DH-VTON: Deep Text-Driven Virtual Try-On via Hybrid Attention Learning

Jiabao Wei,Zhiyuan Ma
2024-10-16
Abstract:Virtual Try-ON (VTON) aims to synthesis specific person images dressed in given garments, which recently receives numerous attention in online shopping scenarios. Currently, the core challenges of the VTON task mainly lie in the fine-grained semantic extraction (i.e.,deep semantics) of the given reference garments during depth estimation and effective texture preservation when the garments are synthesized and warped onto human body. To cope with these issues, we propose DH-VTON, a deep text-driven virtual try-on model featuring a special hybrid attention learning strategy and deep garment semantic preservation module. By standing on the shoulder of a well-built pre-trained paint-by-example (abbr.
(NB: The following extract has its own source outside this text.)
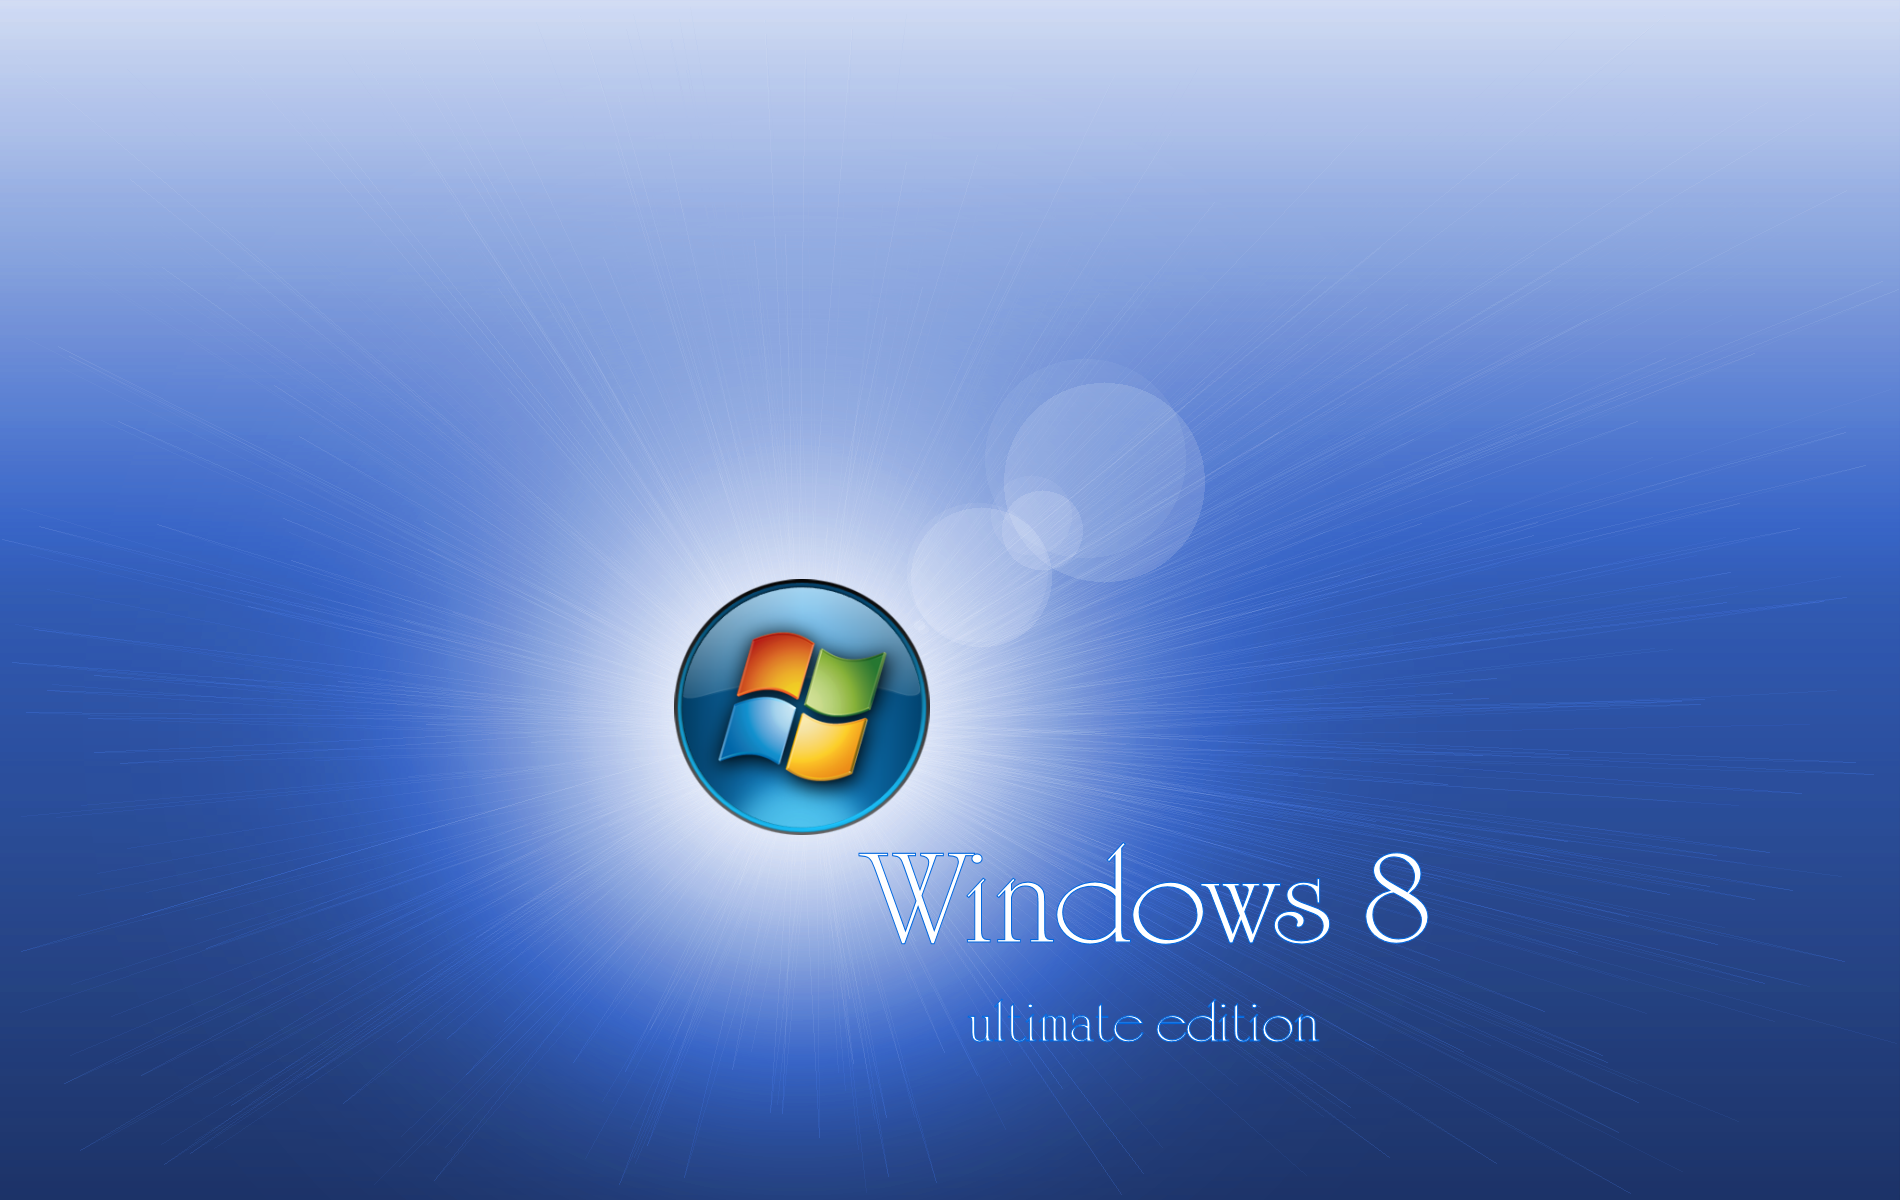 Windows 8 Wallpapers Windows 8 Wallpapers Download Desktop 1900x1200

PBE) approach, we present our DH-VTON pipeline in this work. Specifically, to extract the deep semantics of the garments, we first introduce InternViT-6B as fine-grained feature learner, which can be trained to align with the large-scale intrinsic knowledge with deep text semantics (e.g.,"neckline" or "girdle") to make up for the deficiency of the commonly adopted CLIP encoder. Based on this, to enhance the customized dressing abilities, we further introduce Garment-Feature ControlNet Plus (abbr. GFC+) module and propose to leverage a fresh hybrid attention strategy for training, which can adaptively integrate fine-grained characteristics of the garments into the different layers of the VTON model, so as to achieve multi-scale features preservation effects. Extensive experiments on several representative datasets demonstrate that our method outperforms previous diffusion-based and GAN-based approaches, showing competitive performance in preserving garment details and generating authentic human images.
Computer Vision and Pattern Recognition,Artificial Intelligence
What problem does this paper attempt to address?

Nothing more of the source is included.